Given: Cost of blouse = GHC 14

           Cost of skirt = GHC 16

           Cost of dress = GHC 25

           Cost of pantyhose = GHC 3 for 2 pairs

           Cost of socks = GHC 7

To Find: Total cost of 2 skirts, 1 dress and 4 pairs of pantyhose when there is 20% off on the price of skirts.

Solution:

• In this question, we will simply find out the final cost of the lady's purchases by adding their price.
• In the case of skirts, first we will find cost after reducing 20% of initial cost.

                 Initial cost of skirt = GHC 16

                 Sale on skirts = 20%

                  ⇒ 20% of 16 = $\frac{20}{100}$ × 16

                 ⇒ GHC 3.2

∴ Final cost of skirts = 16 - 3.2 =  GHC 12.8              

So cost of 2 skirts = 12.8 × 2 = GHC 25.6             (1)

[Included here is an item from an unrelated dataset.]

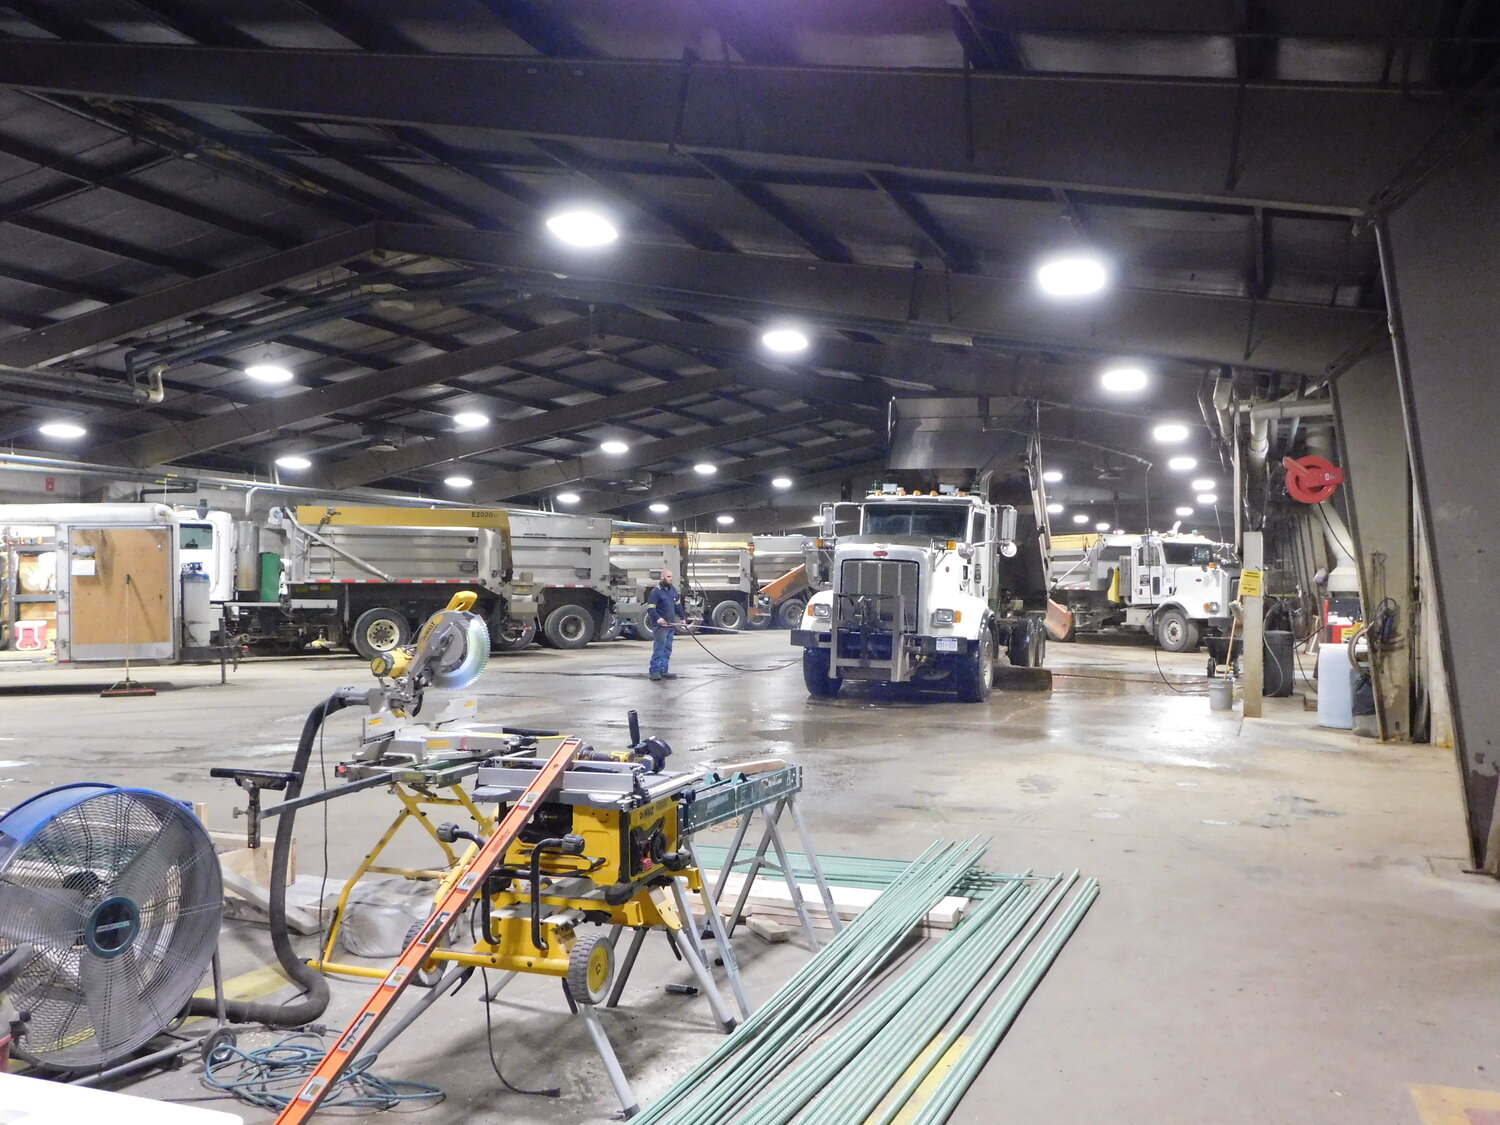 This photo shows the expansiveness of the garage which houses the CCRC trucks. At the bottom is the chop saw and reinforcing rod used in production of the precast bridge deck panels.

• Cost of 1 dress = GHC 25                            (2)
• Cost of 2 pairs of pantyhose = GHC 3

              ∴ Cost of 4 pairs of pantyhose = $\frac{3}{2}$ × 4    (applying unitary method)

                 Final cost of pantyhose = GHC 6            (3)

∴ Final cost of all purchases = (1) + (2) + (3)

                                               ⇒ 25.6 + 25 + 6

                                               ⇒GHC 56.6

Hence the lady will have to pay GHC 56.6.